Over on the election law list, Bob Bauer offers these criticisms of my blogging this morning.
A brief response to Bob’s first paragraph. I gave a more extensive excerpt from Corrado/Mann (not Ornstein/Mann) because it is on Roll Call and therefore not accessible for those who don’t have a paid subscription, whereas the Broder piece is in the Washington Post, which has free registration. Consistent with copyright laws, I always try to provide more extensive (but fair use excerpts) for those items that readers cannot see without paying.
As for the caustic reader comments, if I had received such comments about Corrado/Mann I certainly would have posted them as well.
This is the second complaint this week about what I choose to link to. Jeffrey Hauser wrote: “in some unintentional and hard-to-fault way, Rick’s compilation of GOP ‘sky is falling’ links — when the reality is that Bush + 501(c)(4)s surely is >>> Kerry + 527s — helps further this smokescreen.” I have had other complaints in the past (in private messages) about the coverage on my blog, and whether it is biased one way or the other.

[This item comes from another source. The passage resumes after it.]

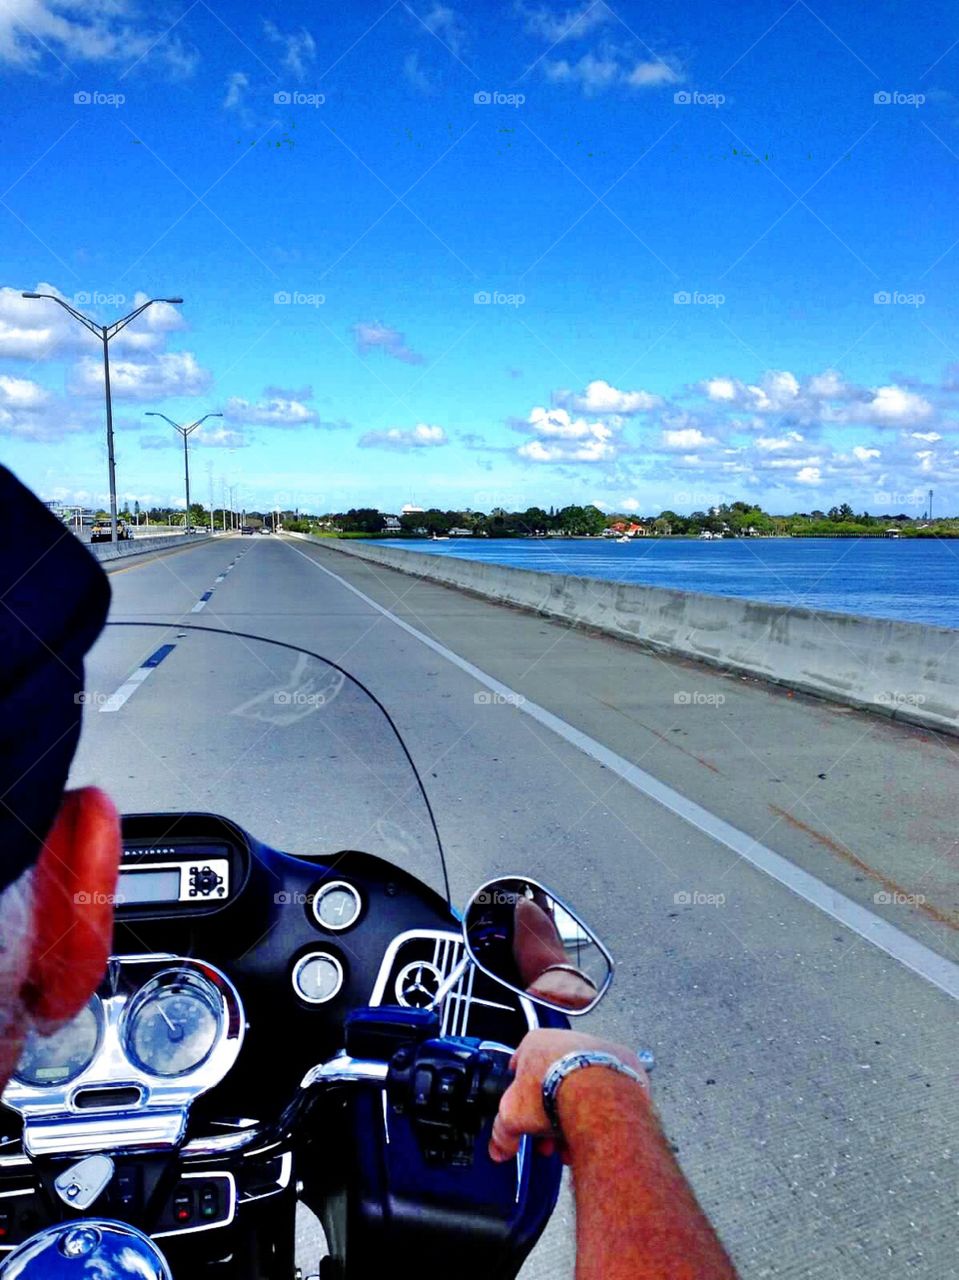 Harley Davidson drive over bridge

Given these complaints, I thought now would be a good time for a response. Perhaps my news coverage is biased in some subconscious way, but my intended criterion for linking has been that I link to all articles in major newspapers that I find on topics broadly of interest to election law. I link to most commentaries on election law as well, whether I disagree with them or not.
A blog is a sui generis type of medium. Part of what I do is link to news (or provide news occasionally that is not covered by the media) and part of what I do is offer opinion. In the “news” component, I try not to link to only those items that support my personal views. Some blogs and websites, even on election law, are different—they link to articles (or to other blogs) that reinforce their own opinions about the state of the world. There is room for both kinds of coverage in cyberspace I think.
Of course, if any listserv member or blog reader comes across articles or viewpoints to which I am not linking, send me a link in an e-mail. Chances are, as those who have done so can attest, I’ll link to what you send so long as it is germane to election law.